這酒軒樓高約兩層,造型古樸雅致,門前懸掛著兩盞水墨繪成的青竹絹燈籠,在微風中輕輕搖曳。
踏進大門,眼前並非尋常酒樓那般直通大廳,而是一片別緻清雅的小庭院。
院落中央鋪著幾塊平整的青石板路,路下是修剪得宜的柔嫩草坪,散發著泥土與草木的清香。
踩著青石板穿過庭院,接上一道蜿蜒曲折的木質迴廊。 迴廊兩旁是清澈見底的魚池,幾尾紅錦鯉在碧波與荷葉間悠然游動,幽靜得宛如世外桃源。
雖說皇宮大內雕梁畫棟,如這般清幽的景致比比皆是,甚至比此處更為宏大華貴,可宮裡的景致再美,到底有些壓抑。
如今在這看似熱鬧喧囂的京城,竟有如此別緻天地,還是令她忍不住眼眸微亮,輕聲讚嘆道,「真沒想到,這熱鬧的京城街角,還藏著這般雅致的地方。」
裴穆跟在她身旁,見她眼底泛著由衷的喜悅與新奇,原本緊繃的心弦才終於放鬆了幾分。
他輕聲解釋道,「這間小酒軒的主人是一位致仕的南邊畫師,當初建造時便仿了南邊水鄉的園林格局。外頭喧鬧,這裡倒還算清靜,」
夏子甯聞言笑了笑,側過頭看他,「裴公子倒是會挑地方,看來今日跟著你,果然是對的。」
被她那雙明亮的星眸一瞧,裴穆剛恢復平靜的心跳又是不由自主地快了半拍,連忙微微低頭,借著引路的動作掩飾自己泛紅的耳根。
「夏姑娘過譽了,請隨我來。」
兩人又走了幾步,這時,身著素雅長袍的掌櫃迎上前來,客氣地行了一禮,「二位貴客裡面請,不知今日想在哪兒用膳?」
夏子甯看向裴穆,裴穆便轉頭對掌櫃微微頷首,淡淡地道,「煩請安排二樓靠水那側的雅間,再備上幾道你們這兒招牌的菜餚,與一壺花果茶。
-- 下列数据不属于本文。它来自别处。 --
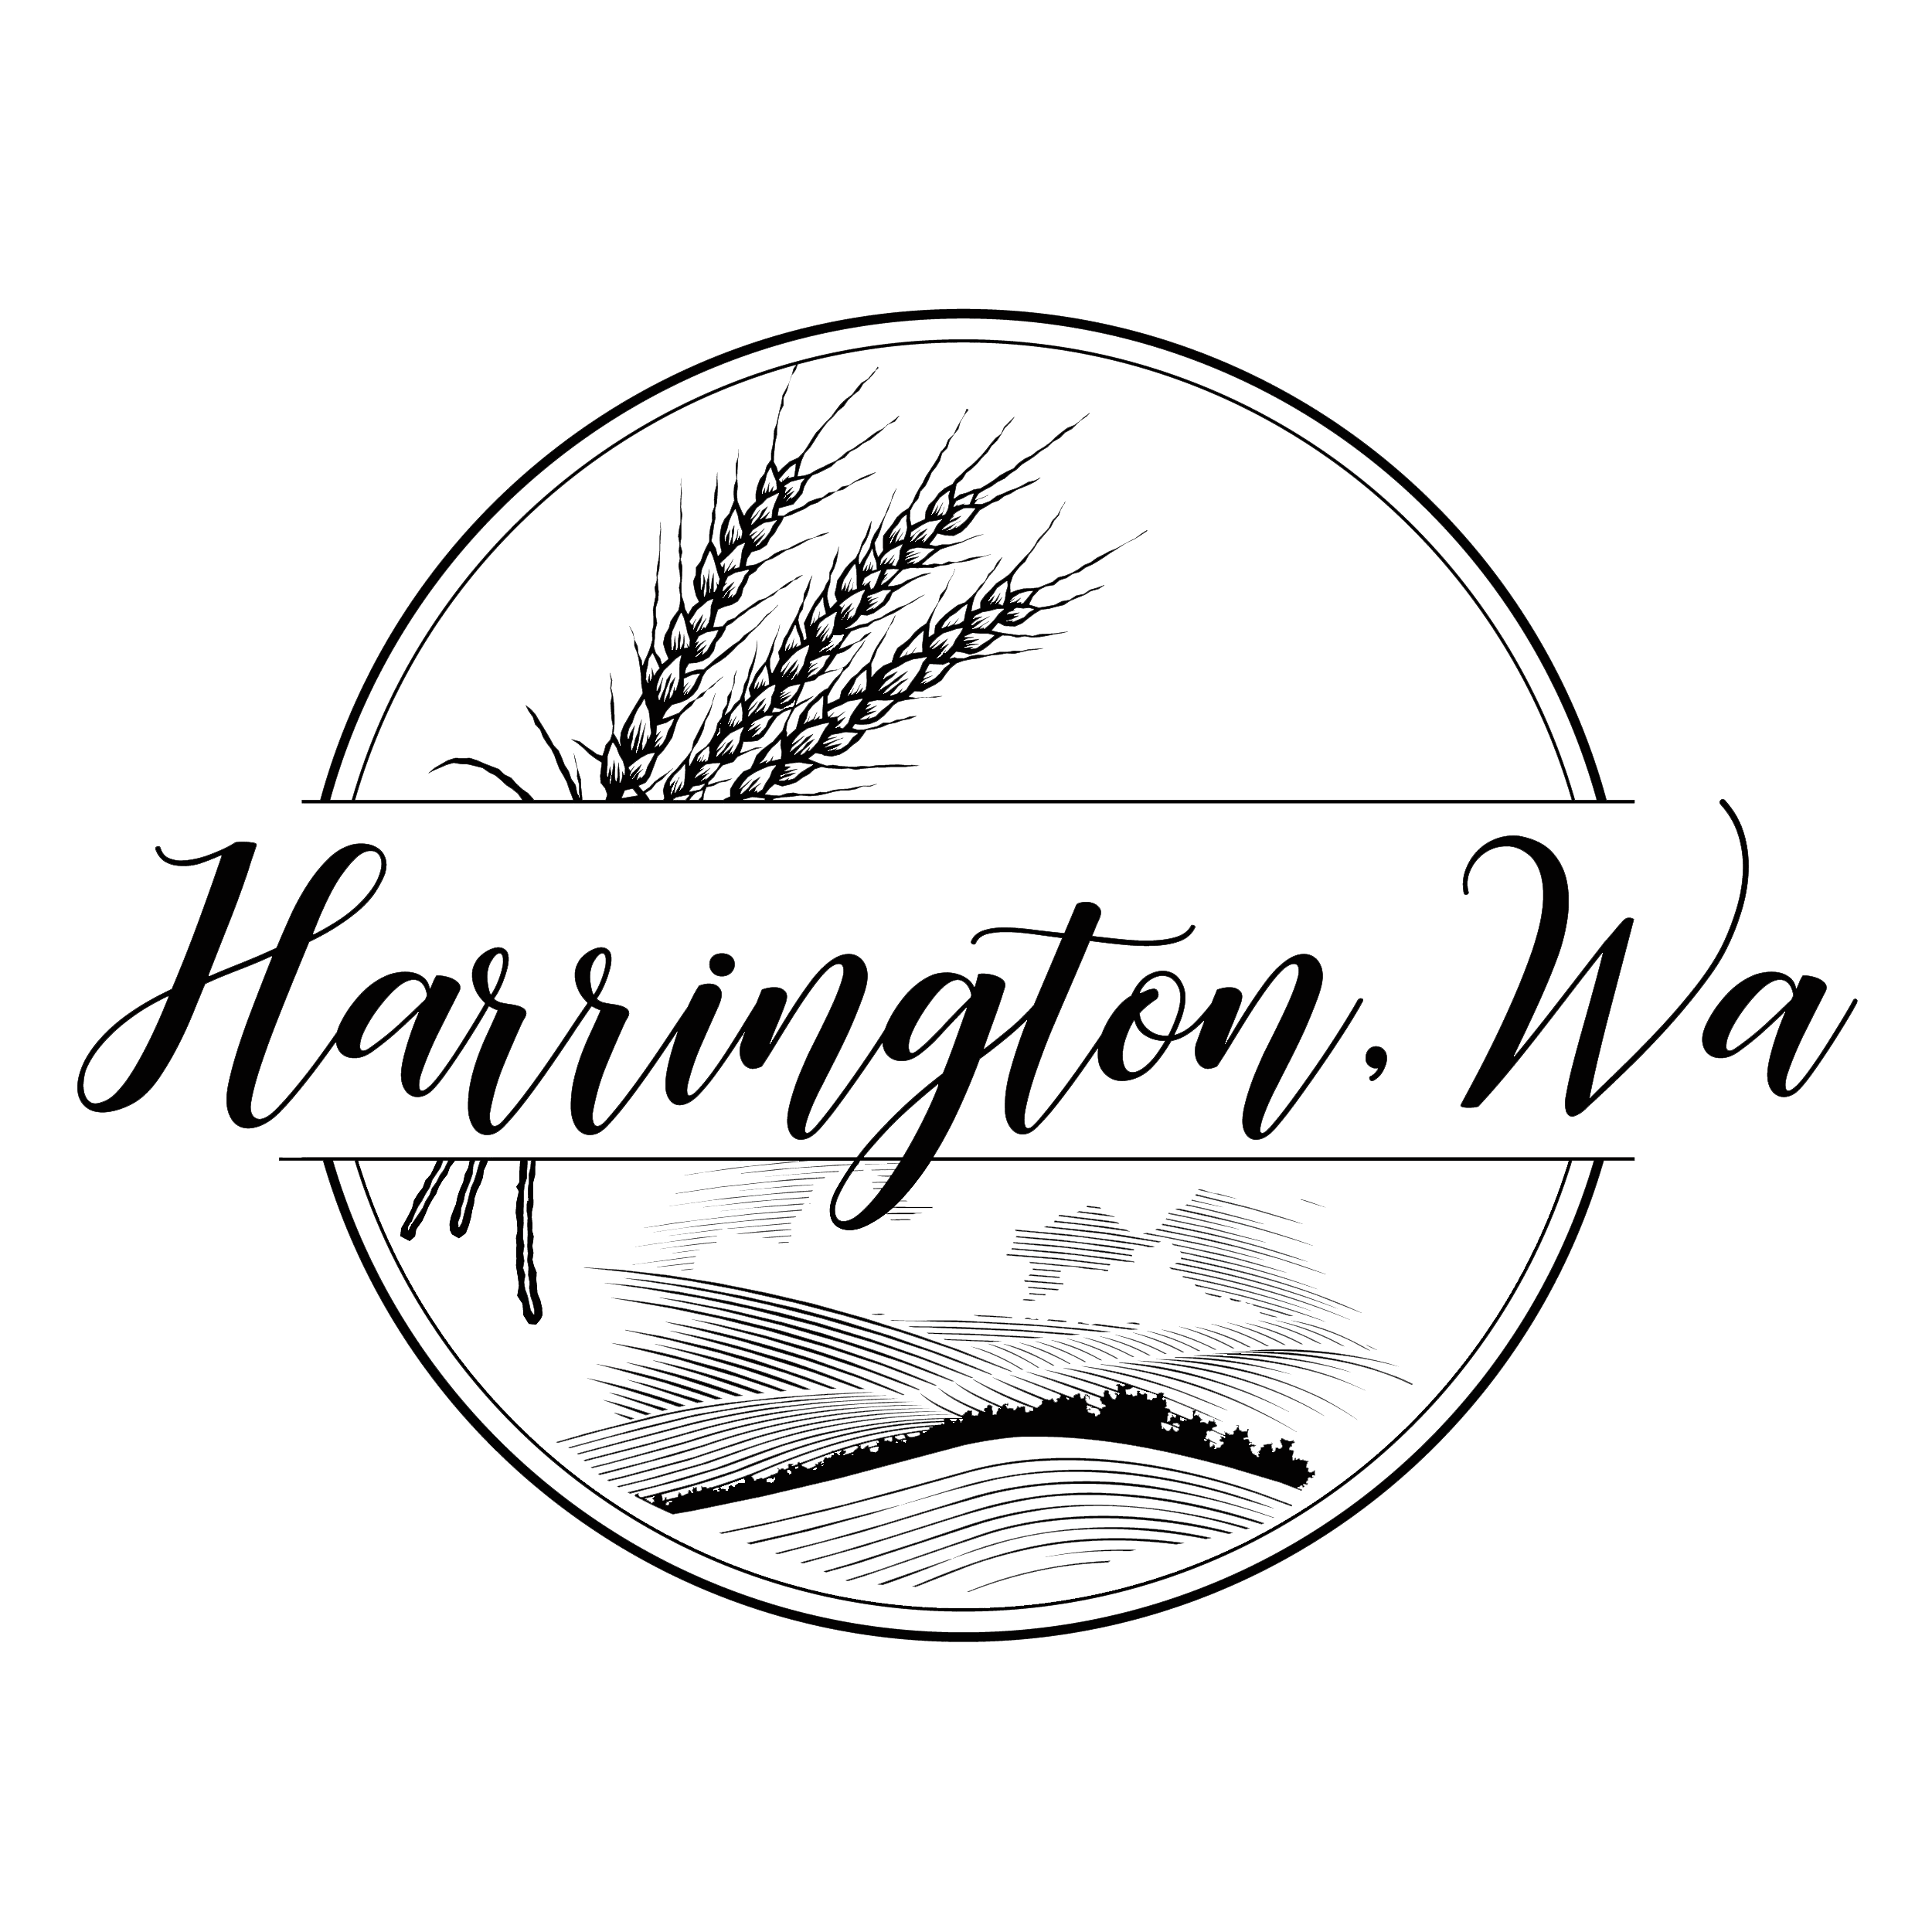 Logo for the City of Harrington, WA

」
「好咧,二位請——」
上了二樓,進了雅間,木質窗欄外,小池塘的臨水景色一覽無遺,微風攜著荷香徐徐吹入,令人心曠神怡。
兩人隔桌而坐,茶香氤氳間,話題從方才的奇譚話本,聊到了平日的研讀經史。
夏子甯笑著道,「其實我不大喜歡那些經史子集,總覺得枯燥乏味。可今日聽你點評那些話本,遣詞用字皆有章法,倒讓我有些改觀。」
「正所謂:『知之者不如好之者,好之者不如樂之者。』過去我只當一句名言,如今卻似乎有些懂了。怪不得太子哥哥總催著我讀書。」
也怪不得哥哥這麼喜歡讀書,她心想。
裴穆為她倒了一杯溫熱的花果茶,溫聲道,「夏姑娘悟性極佳。書籍本就是傳遞思想之意,無論聖賢大義還是市井話本,皆有其通達之處。不拘泥,自然能體會箇中趣味。」
「是啊,『讀書如交友,意在求其通,不在求其同。』」
夏子甯拾起杯盞輕輕抿了一口,朝他俏皮地眨了眨眼,雙眼笑盈盈地。
「你說是吧,裴公子?」
裴穆手中的茶壺微微一頓,整個人瞬間愣在原地。
只因這句話並非出自任何名家典籍——
而是他在那本筆記的側邊,隨手寫下的一句個人註解。